Feature Proposal: Refactor ACL Check and Pager on ResultSet As Filter
Motivation
This is a beginning of
DelegateACLChecksToStoreOrCache - to make large scale wiki's with complex permissions and groups to be performant.
Description and Documentation
When iterating over a Query
ResultSet, rather than the code needing to parse&load a meta object to then evaluate the permissions, the iterator should be wrapped in a
FilterIterator that is able to skip all hidden results.
For the current implementation, the iterators will need to parse&load, and thus a
ResultSet will have new accessors in addition to
next()
:
isMeta()
nextMeta()
(or something)
This filter API will need to be be selectable listener style - so that we can add a
ACLCacheContrib that store the info for faster querying.
API change
No change to users of
Foswiki::Func::query
, they will still be handed an iterator that will only give them topics that the user has permission to see.

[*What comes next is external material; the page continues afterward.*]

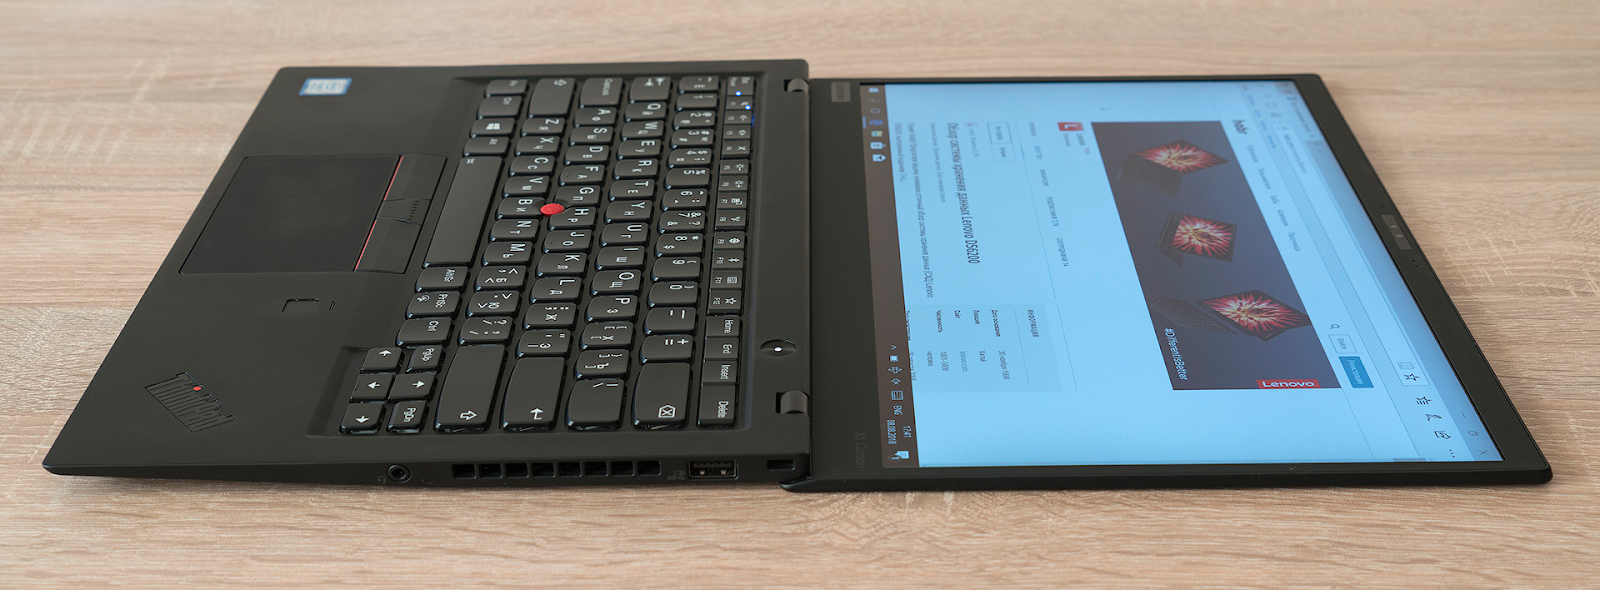 Обзор ноутбука Lenovo ThinkPad X1 Carbon (2018): лёгкий, удобный, мощный - 11

Internally to Store::*Algo::query
in 1.1,
query
returns a
ResultSet iterator of topics that match with an ACL context of
Admin
, and then
Foswiki::Search::FormatResults
parses and loads them to test ACLs.
Instead, the unaccelerated core
query
will return a
FilterIterator on the previous
ResultSet which has an identical result.
the point of this is that other
*Algo=s can return their own pre-evaluated ACL iterators - the API contract is that query will give you an iterator of tom elements that user(group) is allowed to XXX (ok, initially =VIEW
, but i wonder if filtering a resultSet for CHANGE or other random permission might also have some utility.
One of the ideas behind this, is to make
SEARCH{format=" * $topic"}
a viable replacement for
VarTOPICLIST, by making it possible to not load and parse each topic in a result set during formatting unless absolutely necessary.
TOPICLIST
is effectivly the same as SEARCHing in an Admin context, and only rendering the name of that topic. (atm, even in Admin context, we needlessly load the topic)
Clearly, the next thing to write is an ACL cache that we can ship with the core
but
MongoDB will be faster again
Examples
1360
on a web of 25,000 topics should be an extremely tight loop.
VarTOPICLIST should be able to be implemented this way too - with the ACL filter off.
Impact
Implementation
--
Contributors: SvenDowideit - 29 Apr 2011
Discussion
I don't quite get what nextMeta vs isMeta means. Shouldn't the resultset iterator just give you the next "thing" - and the resultset should only contain topics you're allowed to access? That's what I'd like to see as a user of
Foswiki::Func::query
. Somehow I'd assumed that the search algo would be able to take the "user"-supplied query, and AND it with a subquery which filters it according to VIEW permissions for a certain user. Something like:
<user query form.name='FooForm'...> AND (
NOT (
JoeUser IN DENYVIEW
OR OtherGroup IN DENYVIEW
OR AllowGroup IN DENYVIEW
) AND (
NOT (ALLOWVIEW) OR (
JoeUser IN ALLOWVIEW
OR OtherGroup IN ALLOWVIEW
OR AllowGroup IN ALLOWVIEW
)
)
Whereas it seems the proposal you've got here is still going to result in N ACL-database-requests to get a total hit count for a web that has N topics in it.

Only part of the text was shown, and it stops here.